**WHAT THE TASK REQUIRES:** Set down exactly the lines below, starting at the one that contains "new gear big stone oxford vest upland" and ending at the one that contains "Portret van Jacoba", with both of those lines included and nothing else.

---------- AVAILABLE RECORDS ----------

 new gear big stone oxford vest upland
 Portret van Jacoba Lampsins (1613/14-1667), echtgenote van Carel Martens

----------
---------- AVAILABLE RECORDS ----------

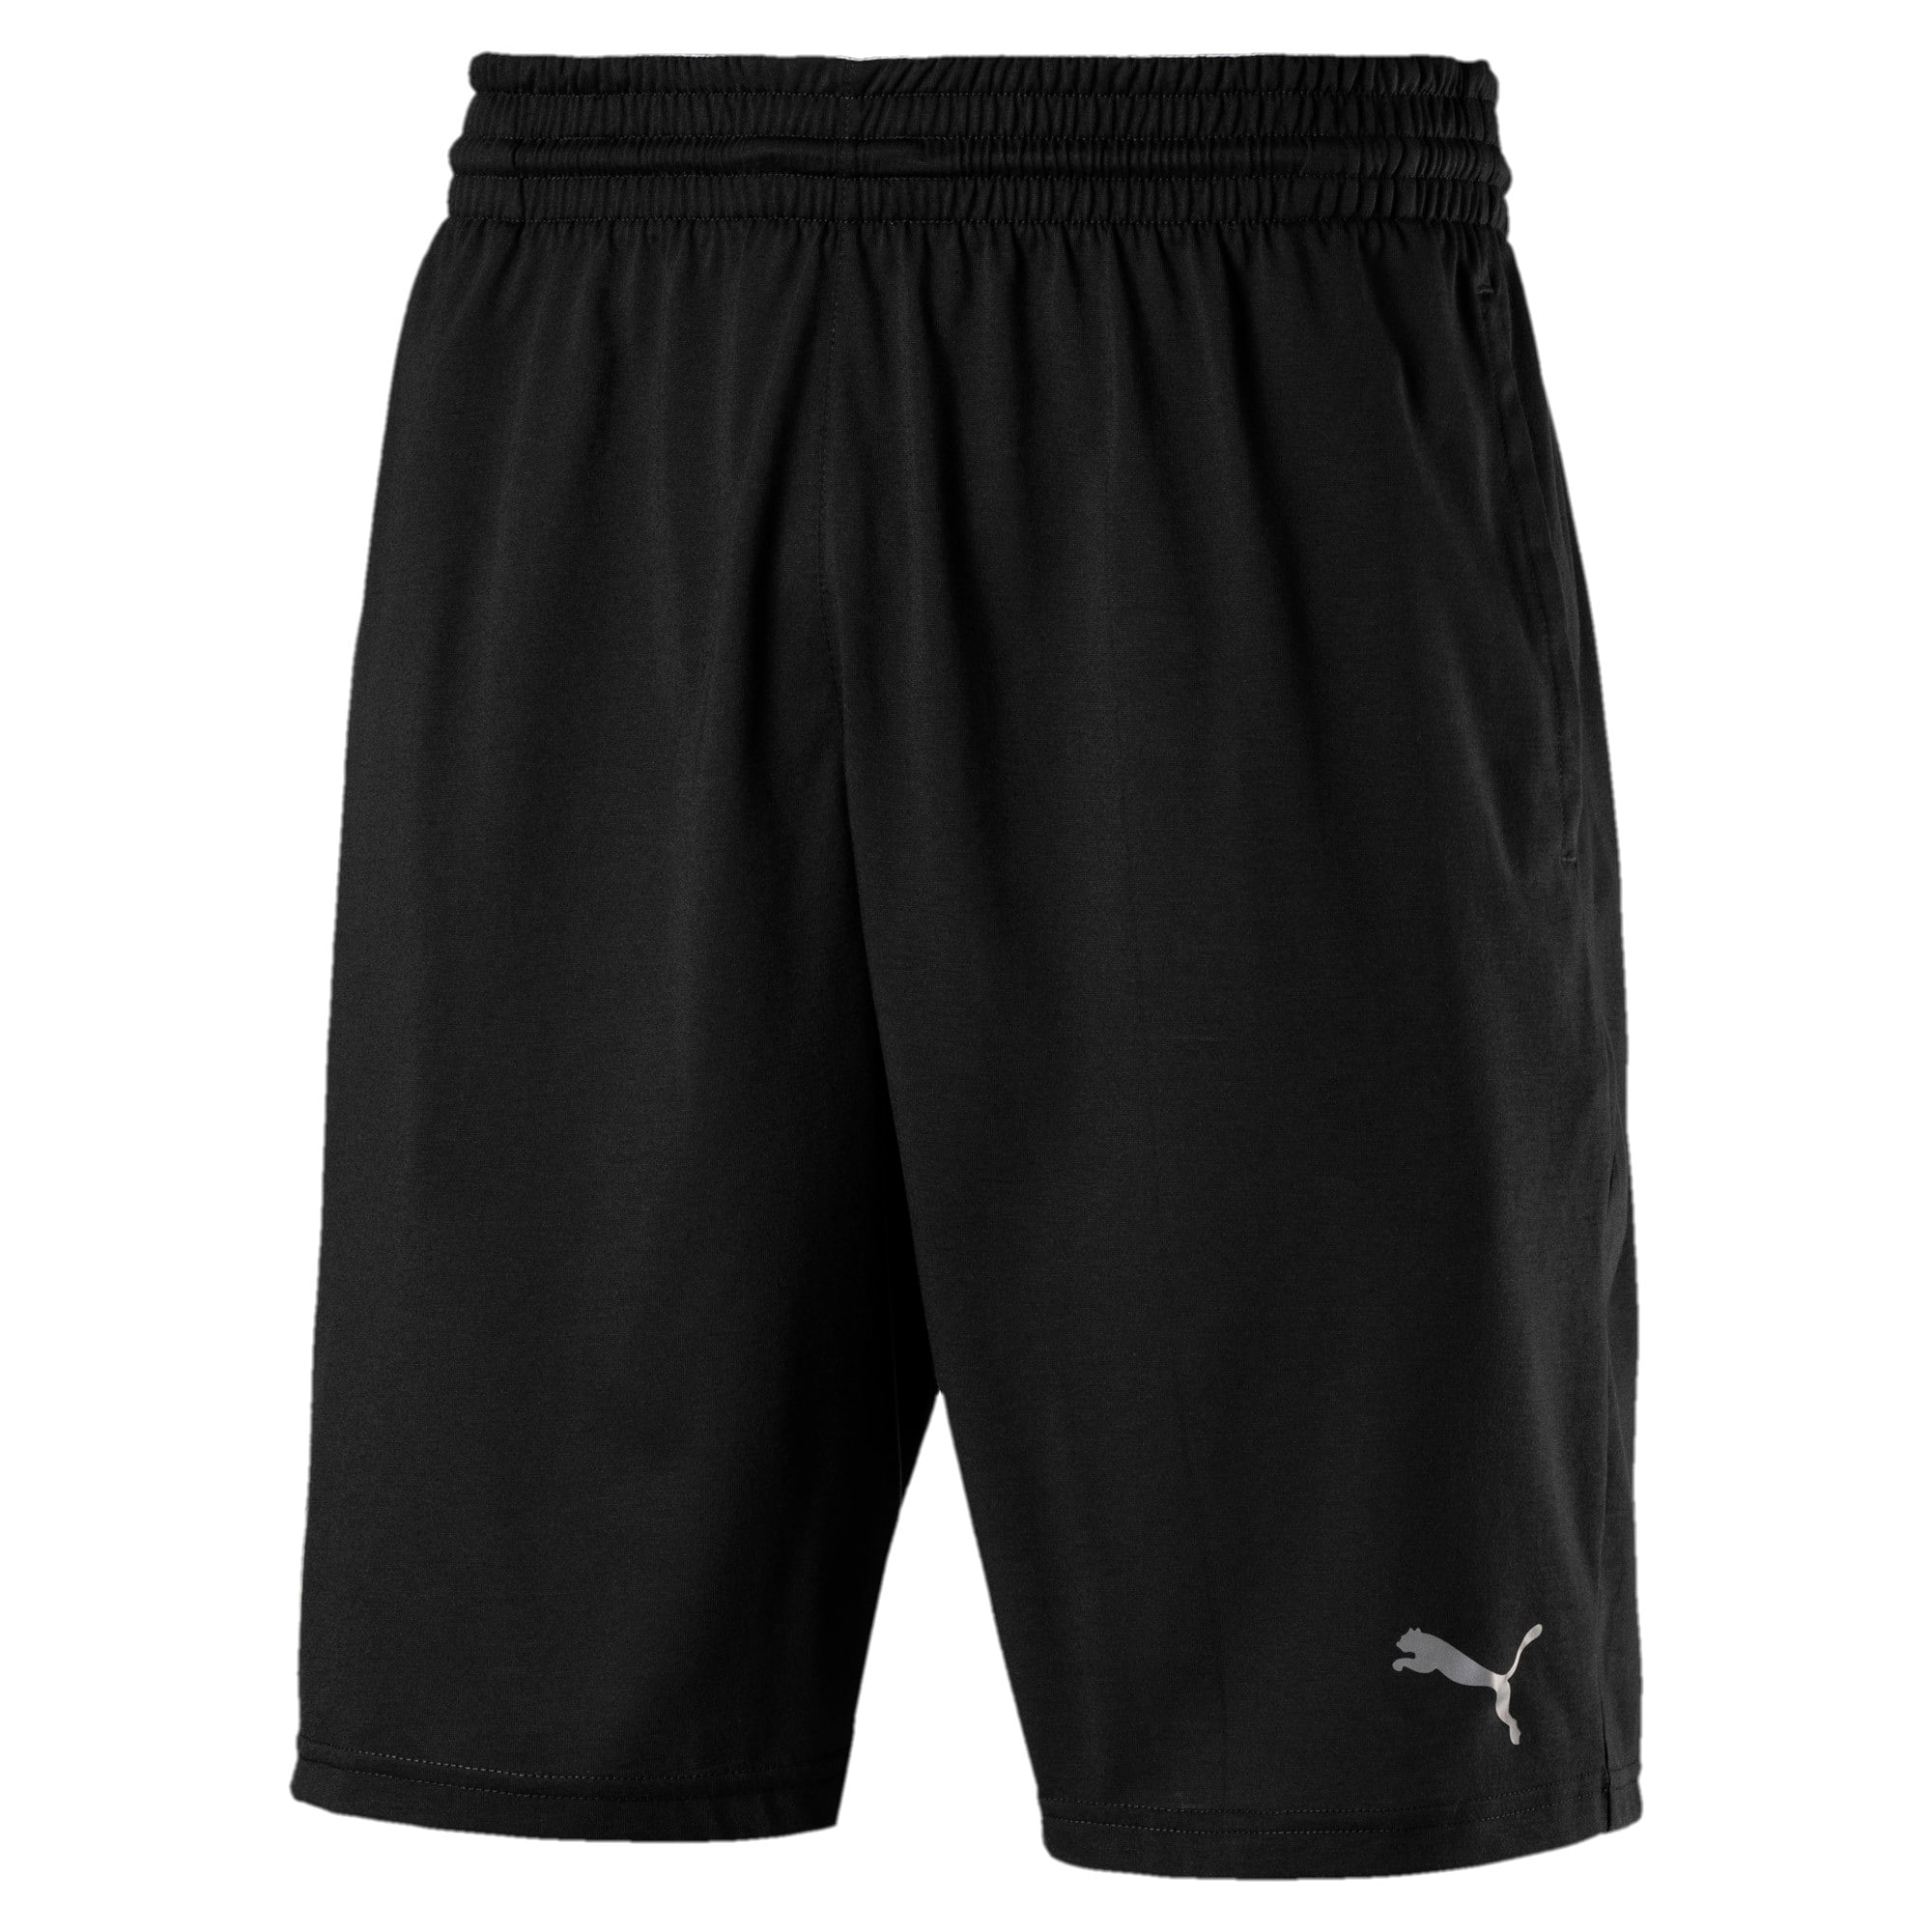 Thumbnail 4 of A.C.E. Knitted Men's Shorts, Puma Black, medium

----------

**EXPECTED ANSWER:**
 new gear big stone oxford vest upland
 Portret van Jacoba Lampsins (1613/14-1667), echtgenote van Carel Martens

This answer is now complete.